Second, austerity on such a scale risks wrecking many of the government’s other policies. The coalition has pledged to protect both the NHS – scene of the greatest discretionary spending rises and thus, some suspect, the greatest inefficiencies – and international development from the squeeze; it will also go easy on defence and education. The picture for the other departments looks horrendous.
This government contains ministers who have argued for a more environmentally-sustainable economy – but DECC and Defra will not have the funds to help foster that change. Work and pensions minister Iain Duncan Smith has a detailed plan to reform the benefits system, get people into work and reduce DWP spending – but his ideas rest on the ability to first invest in spiking the benefits trap. The Conservatives’ ‘big society’ envisages rapid growth in voluntary organisations and social enterprises – but local authorities and the CLG, whose funds and staff support the sector, are set to undergo a council tax freeze and massive central funding cuts. Perhaps most importantly, the UK’s economic future rests with high-technology industries, fast transport and communications, and a skilled workforce – but the DfT and BIS look vulnerable in this spending review.

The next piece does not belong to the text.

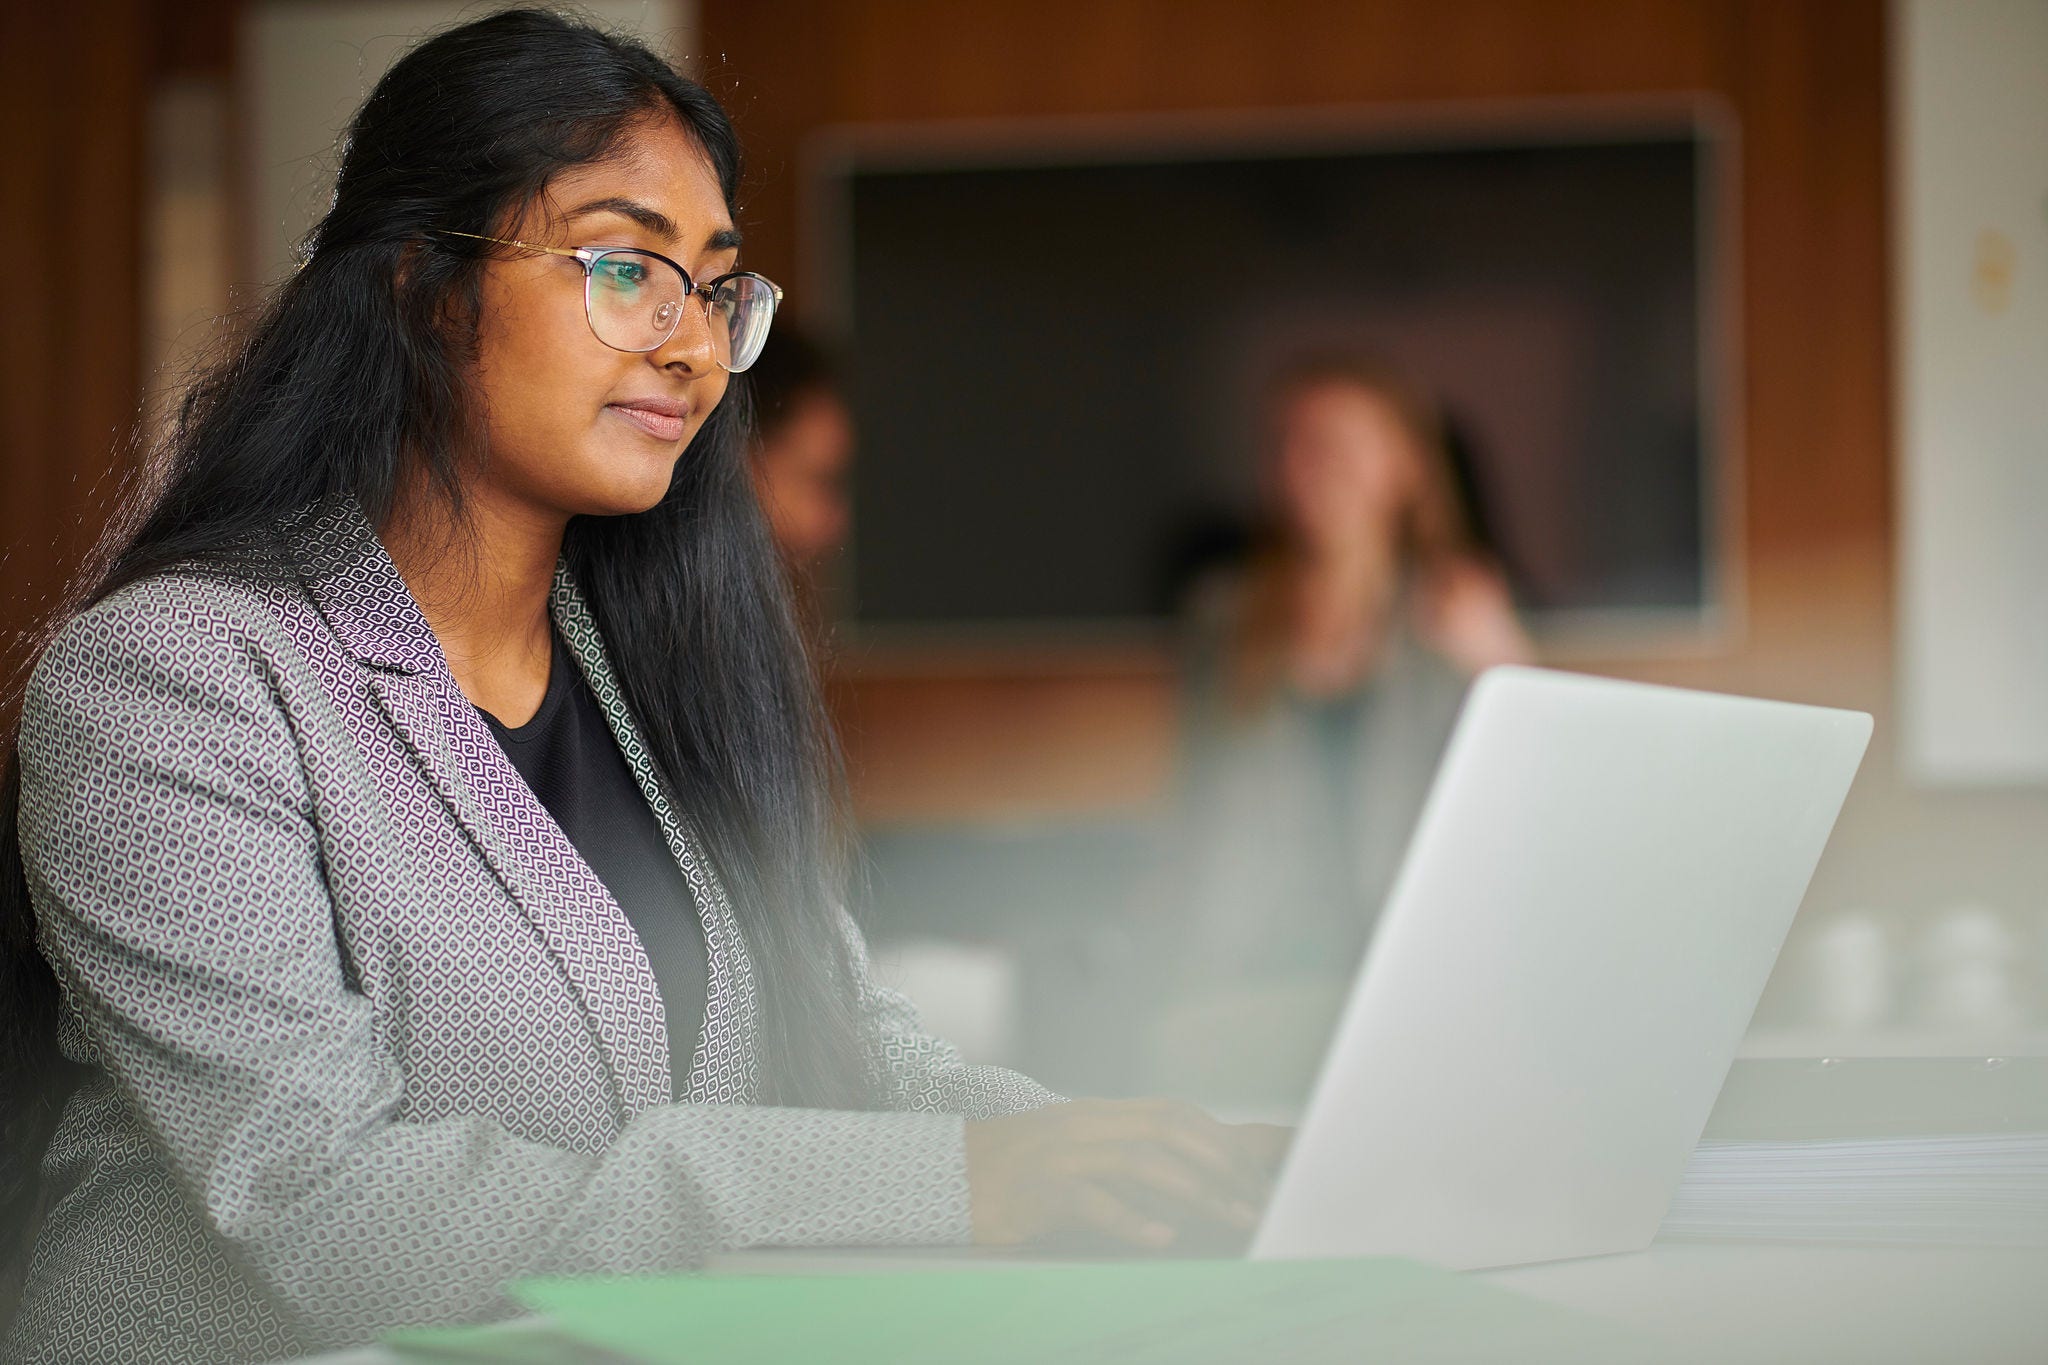 young woman dressed professionally working at a laptop

Perhaps the coalition really can realise its policy objectives while imposing these cuts; perhaps the reduction in government activity really will allow the private and voluntary sectors to step in and fill the gap. But in the story that began here with the run on Northern Rock in September 2007, the problems have consistently arisen within the private sector, and been addressed by public sector action. Putting aside this safety net, the coalition is stepping into territory where no government has ventured before. We had all – public, private and voluntary sectors alike – better hope that they’ve made the right call.